IRDAI Implementation Timeline and ICAI Guidance
ICAI notified Ind-AS 117 with an effective date aligned with IRDAI's Ind-AS roadmap for insurers. IRDAI has maintained that insurers will transition to Ind-AS reporting only once supporting regulations on actuarial practice, investment classification, and solvency interface are finalized. The transition timeline for insurers has been reset multiple times since the original 2018 target, and IRDAI communications indicate a phased approach where life insurers, non-life insurers, and reinsurers may transition at different dates.
ICAI has issued implementation guidance covering specific Indian contract types including participating policies, health insurance with lifetime renewability, motor third-party liability (where premium and coverage are statutorily determined), and crop insurance under PMFBY. The guidance clarifies model selection and cohort definition for contracts where Indian regulatory features create interpretation questions not fully addressed by IFRS 17. Motor TP pools and environmental relief fund contributions require specific treatment addressed in the ICAI guidance.
Listed corporate policyholders applying Ind-AS are subject to the standard from their regular Ind-AS reporting date regardless of IRDAI's insurer timeline. Corporate groups with captive insurance consolidations have begun Ind-AS 117 implementation projects covering captive data migration, actuarial model build, and transition approach selection. Auditor commentary on transition quality and disclosure completeness has become a focus area for audit committee meetings.

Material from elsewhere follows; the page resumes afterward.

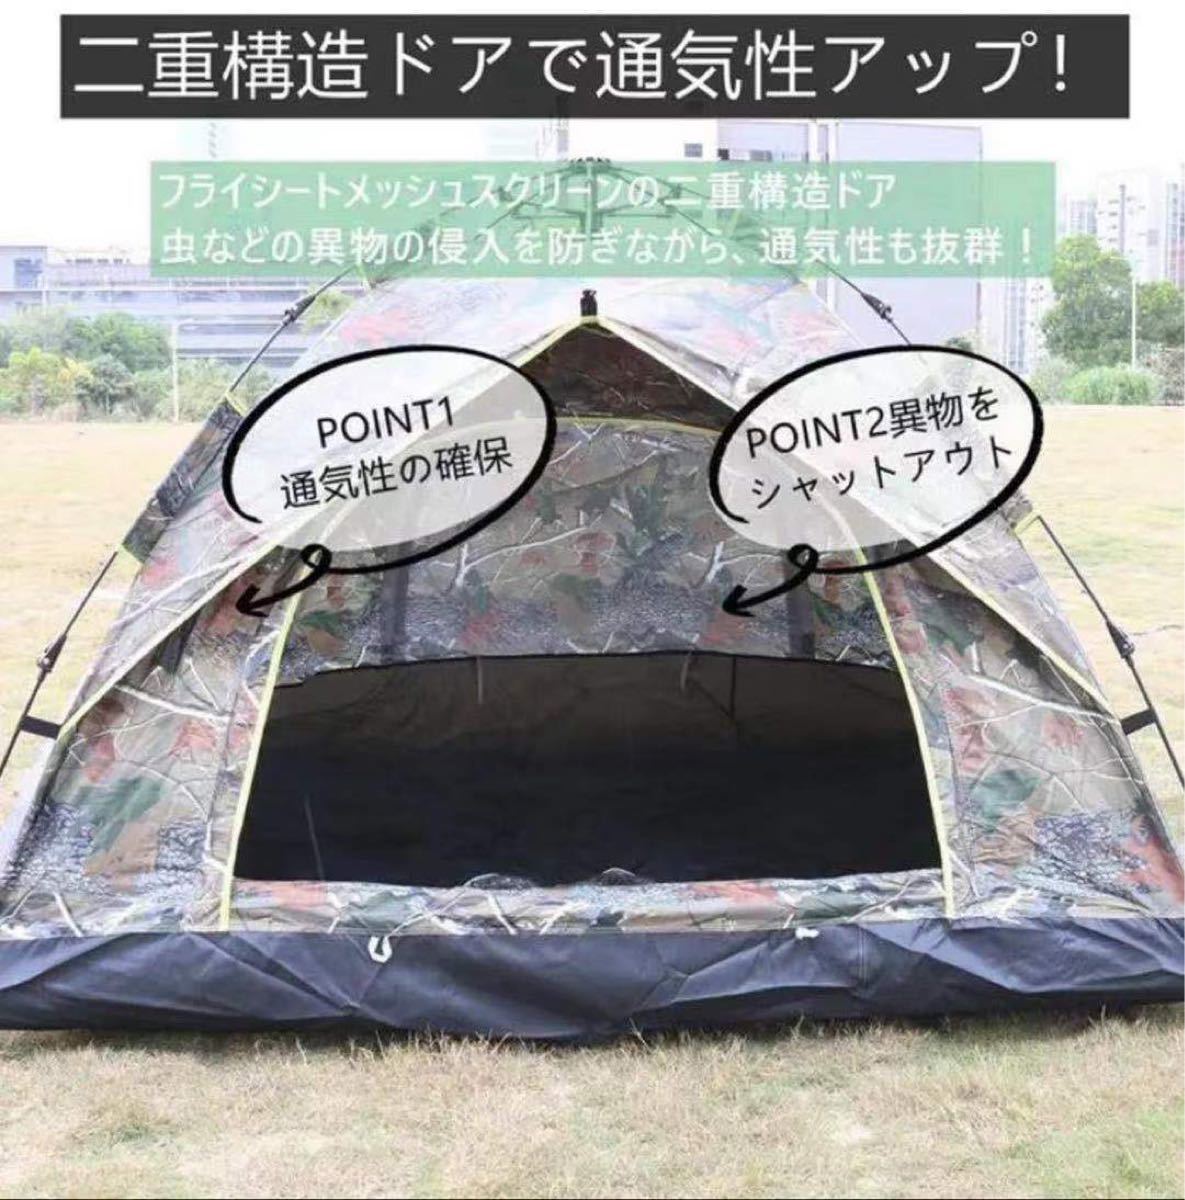 ポップアップテント 3-4人用 耐水 ワンタッチ二重層 超軽量 テント

Implementation Playbook for Insurers and Corporate Groups
An Ind-AS 117 implementation programme typically runs 24 to 36 months and combines actuarial, accounting, systems, and disclosure work. The first phase is scoping: inventorying contract types, identifying contracts in scope, classifying by measurement model (General, PAA, VFA), and defining portfolio and cohort groupings. The scoping output drives data requirements and model design.
The second phase is data and systems. Ind-AS 117 requires granular cash flow projections by cohort, discount rate curves by currency and duration, and risk adjustment methodologies that can be justified to auditors and regulators. Legacy policy administration systems designed for IFRS 4 or statutory reserving rarely produce Ind-AS 117 ready data without significant extension. Indian insurers have invested in actuarial calculation engines, data lakes, and reporting workflow automation to support the new standard.
The third phase is transition quantification. Each group of contracts is evaluated under FRA, MRA, and FVA for feasibility and outcome. Transition choice is material because it determines opening CSM, which in turn determines profit emergence over the contract's remaining life. A lower opening CSM accelerates profit recognition; a higher opening CSM smooths profit over a longer horizon. Audit committee involvement at this stage is significant because the transition choice affects reported equity, P&L volatility in future periods, and analyst perception of earnings quality.
The fourth phase is disclosure and dry-run reporting. Ind-AS 117 mandates extensive disclosures including reconciliations of insurance contract balances, CSM movement, expected pattern of service release, risk adjustment confidence levels, and sensitivity analysis. Dry-run reporting in parallel with statutory reporting for multiple periods before go-live is standard practice.